Song of the Furies

Ancient Greece brought us many dark cthonic gods, ready to bring order to humankind through acts of vengeance. The three ancient spirits, known as the Erinyes (the Furies) were forces of retribution personified. They punished unforgivable deeds like homicide, patricide, offenses against the gods. The three Furies served as a way for a person to gain retribution by calling on them. They brought misery and suffering to those who could seek justice in no other way.
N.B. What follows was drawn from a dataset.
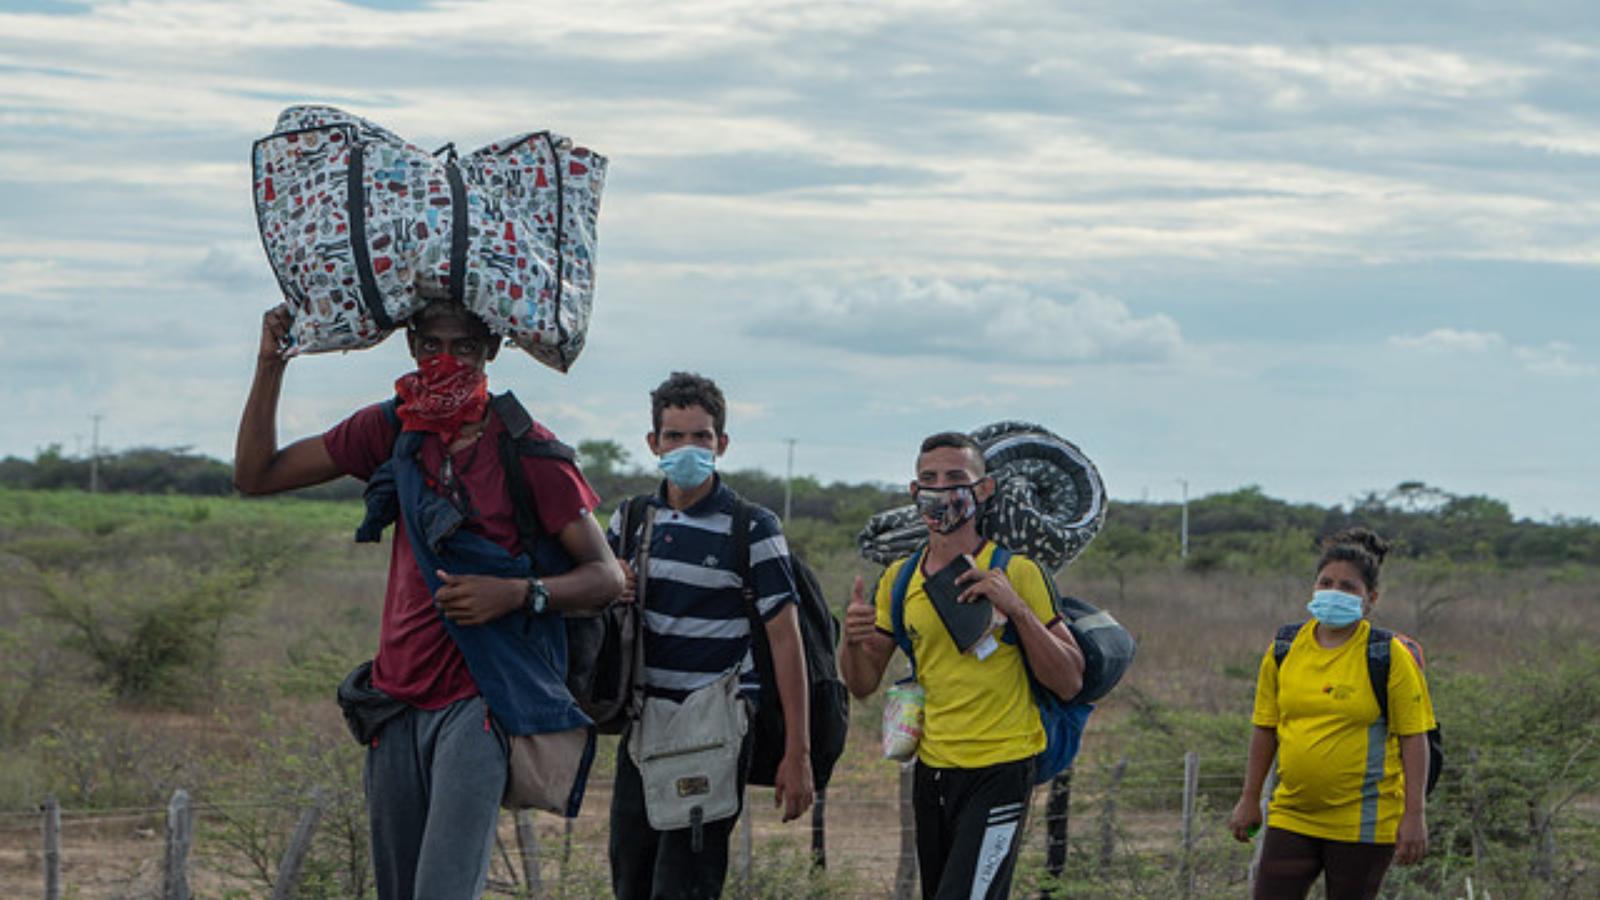 Abren concurso juvenil para buscar fórmulas contra la xenofobia

The three furies, known as Alekto (the endless) Megeaera (jealous rage) Tisiphone (vengeful destruction) were often portrayed as hag-like creatures. The poem below was created by Aeschylus, who was considered to be the father of Greek tragedy. This poem is part of a story called The Eumenides.1

This is a story of justice and retribution showing how the forces of fate can intervene in the process of serving justice. In this story, a man named Orestes killed his mother in an attempt to claim her throne after he had been banished by her. The Furies are summoned by the ghost of Orestes’ mother who seeks revenge against her murder.

Song Of The Furies

Up and lead the dance of Fate!
Lift the song that mortals hate!
Tell what rights are ours on earth,
Over all of human birth.
Swift of foot to avenge are we!
He whose hands are clean and pure,
Naught our wrath to dread hath he;
Calm his cloudless days endure.
But the man that seeks to hide
Like him, his gore-bedewèd hands,
Witnesses to them that died,
The blood avengers at his side,
The Furies’ troop forever stands.

O’er our victim come begin!
Come, the incantation sing,
Frantic all and maddening,
To the heart a brand of fire,
The Furies’ hymn,
That which claims the senses dim,
Tuneless to the gentle lyre,
Withering the soul within.

The pride of all of human birth,
All glorious in the eye of day,
Dishonored slowly melts away,
Trod down and trampled to the earth,
Whene’er our dark-stoled troop advances,
Whene’er our feet lead on the dismal dances.

For light our footsteps are,
And perfect is our might,
Awful remembrances of guilt and crime,
Implacable to mortal prayer,
Far from the gods, unhonored, and heaven’s light,
We hold our voiceless dwellings dread,
All unapproached by living or by dead.

What mortal feels not awe,
Nor trembles at our name,
Hearing our fate-appointed power sublime,
Fixed by the eternal law.
For old our office, and our fame,
Might never yet of its due honors fail,
Though ‘neath the earth our realm in unsunned regions pale.